__Aim of the exercise__. Go to the line in the entries below that holds "Triumph - Project TE-1 Prototype" and repeat exactly from there through the line that holds "Movie camera clip art 4-Movie", inclusive.

__Provided entries__.
%%

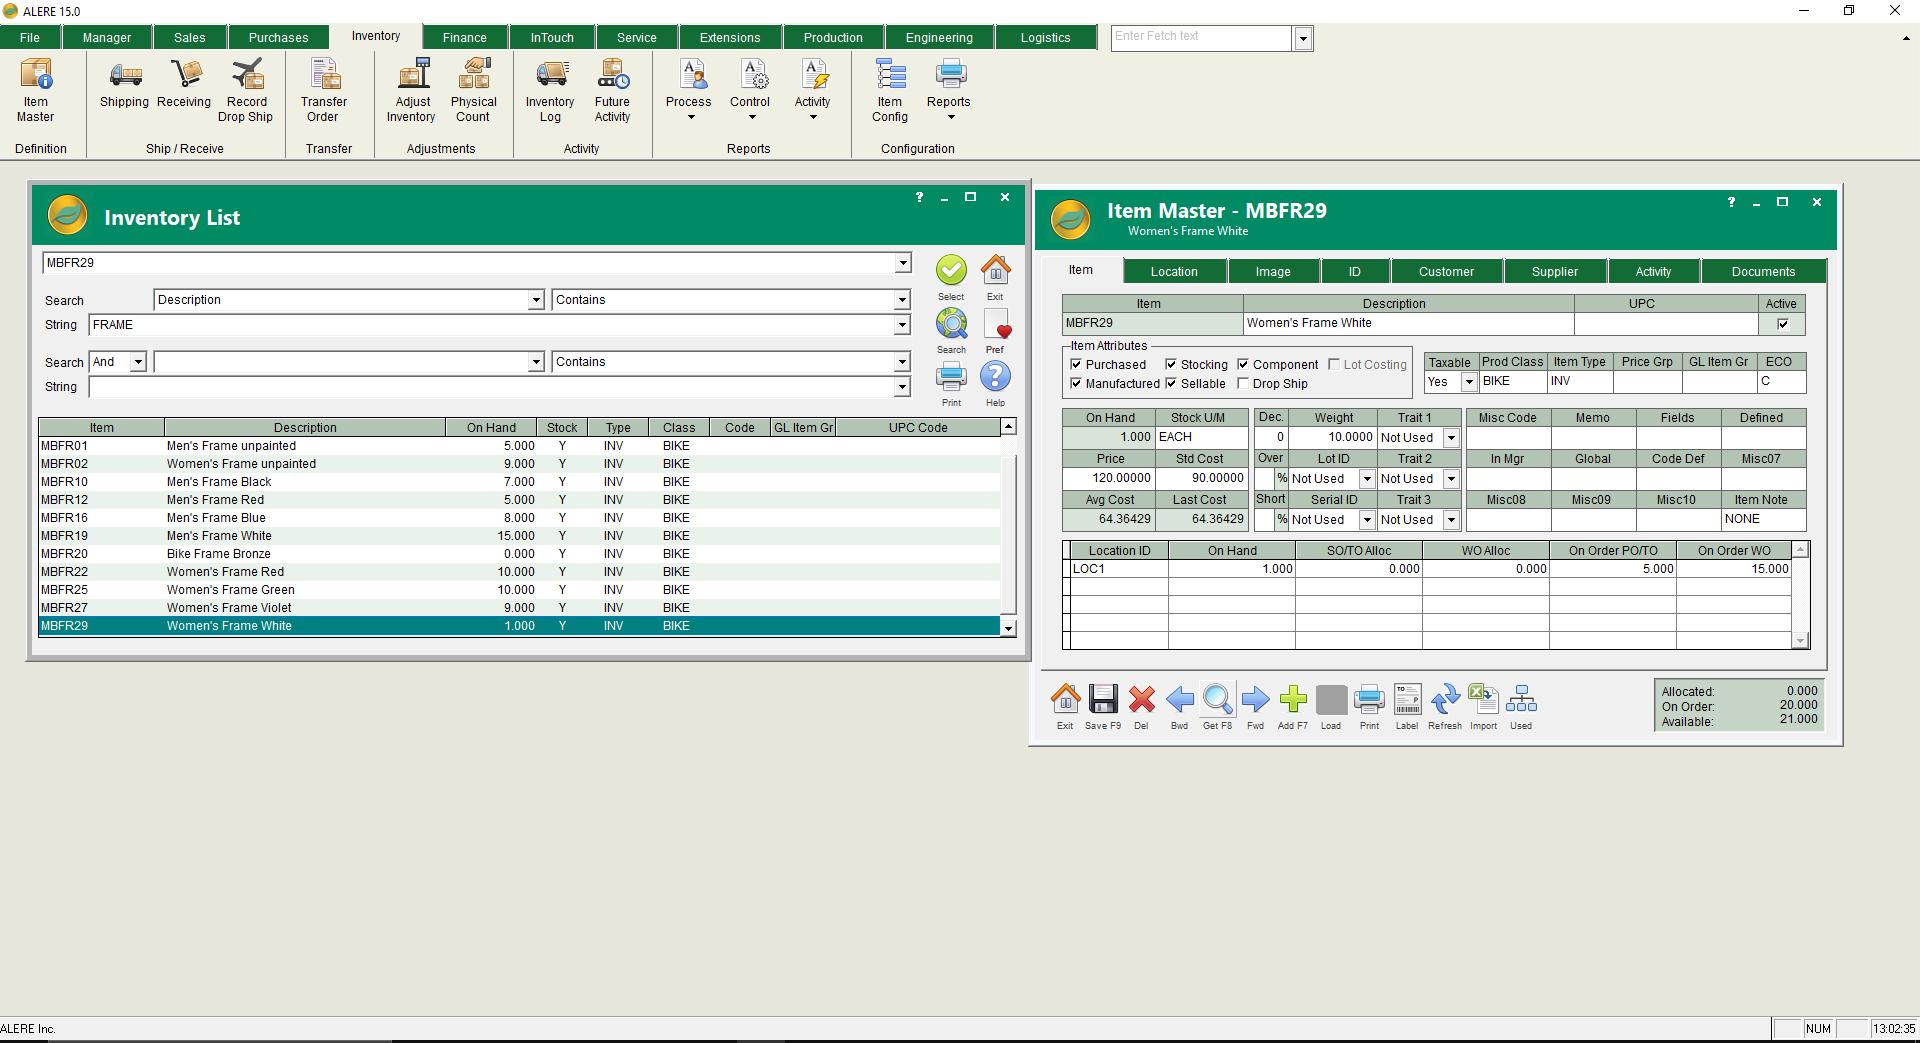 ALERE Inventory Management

%%
%%

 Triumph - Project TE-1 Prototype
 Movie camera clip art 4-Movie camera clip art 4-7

%%

__Your response__.
 Triumph - Project TE-1 Prototype
 Movie camera clip art 4-Movie camera clip art 4-7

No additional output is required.